Woo jin Kim

1987 · Republic of Korea

Artist biography

Woo jin Kim is considered to be an emerging artist, who originates from the Republic of Korea, like other famous artists such as Chan Hyo Bae, Hae Won Sohn, Ilhwa Kim, Sung-Pil Chae, and Gimhongsok . Woo jin Kim was born in 1987.

About Woo jin Kim's works

Woo jin Kim is giving an innovative contribution in the fields of Pop and Figuration. Pop art was born in the 1950s simultaneously across America and Britain, and reached its peak in the 1960s, in a climate of increased consumerism and cultural revolution. Emerging artists felt like they couldn’t get in touch with the current state of art as it was taught or exhibited in museums, which they deemed too distant from their everyday lives. This led them to turn to popular culture as their main subject matter, horrifying modernist critics. Among a few of the characteristics listed by pop artist Richard Hamilton, Pop Art should aim to be young, glamorous, sexy, witty, low-cost and mass produced. While in the United States pop artists were essentially attempting to move away from the deeply personal symbolism of abstract expressionism, in Britain the movement was more focused on the power of American pop-culture imagery, and its influence on the society.

In essence, figurative art is art which depicts recognizable features of reality, or of the human figure. Although the definition appears to be rather simple, figuration still remains in its very core more than just a depiction of reality. Indeed, the different styles in which figurative art can be executed are infinite, thus making figurative art a ground-breaking and ever evolving category, in which Woo jin Kim's work is mainly grounded. Some critically acclaimed artists known for their impact on figurative art include Pablo Picasso, Henri Matisse, Paul Cézanne or Jean-Michel Basquiat.
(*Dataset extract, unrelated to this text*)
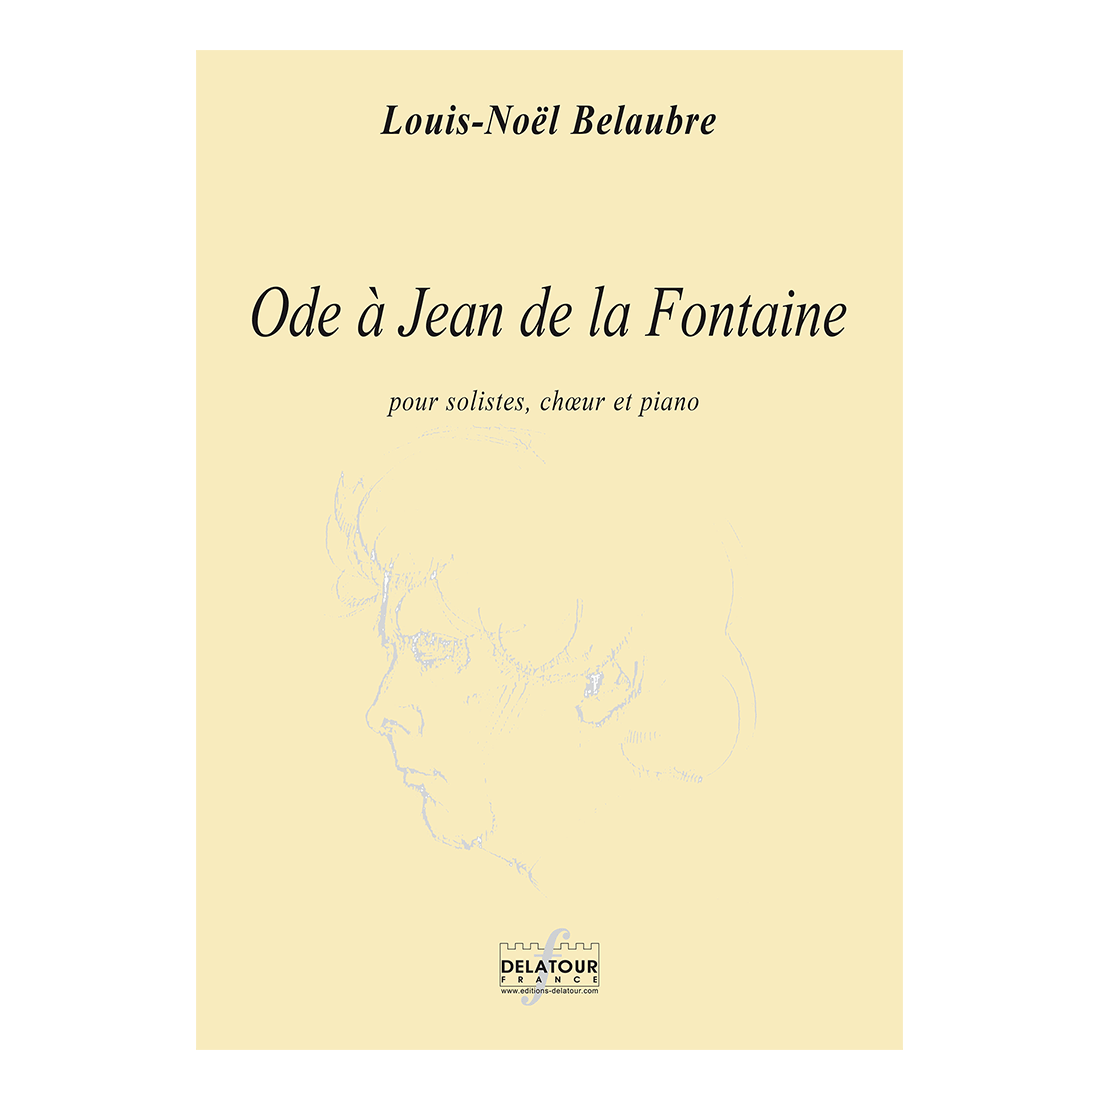 Ode à Jean de la Fontaine for soloists, choir and piano (PIANO-VOCAL)

Further Biographical Context for Woo jin Kim

Born in 1987, Woo jin Kim's creative work was primarily inspired by the 1990s. In the United Kingdom, a group of artists known as the YBAs, or Young British Artists, dominated the artistic culture of the decade. They were a loosely affiliated and diverse group, connected generally by their age and nationality. Many of the members had attended the Royal College of Art and Goldsmiths in London, and were favoured by Charles Saatchi, the ‘super collector’ of art at the time. The most famous member of the group is arguably Damien Hirst, and other members included Chris Ofili, Tracey Emin, Marc Quinn, Gavin Turk, Sarah Lucas and Sam Taylor-Johnson (née Sam Taylor-Wood). Through their use of shock tactics and sensationalism, the YBAs garnered a controversial reputation image which was further fuelled by their use of throwaway materials, wild lifestyles and an attitude that was at the same time rebellious and entrepreneurial. The group was predominant in the British art scene in the 1990s and their group show ‘Sensation’ is now viewed as legendary.

The boom in consumerism and advertising that took place in the 1980s influenced a trend in Japan that matured into the art form of manga, which was visually inspired by trends in advertising and graphic design. Takashi Murakami arose as a leading figure in the art world, coining the term ‘Superflat’ to describe a theory inspired by the aesthetic characteristics of manga and the nature of post-war Japanese culture. Murakami went on to found the influential Kaikai Kiki collective, which was inspired by his experiences living in New York City in the mid-1990s.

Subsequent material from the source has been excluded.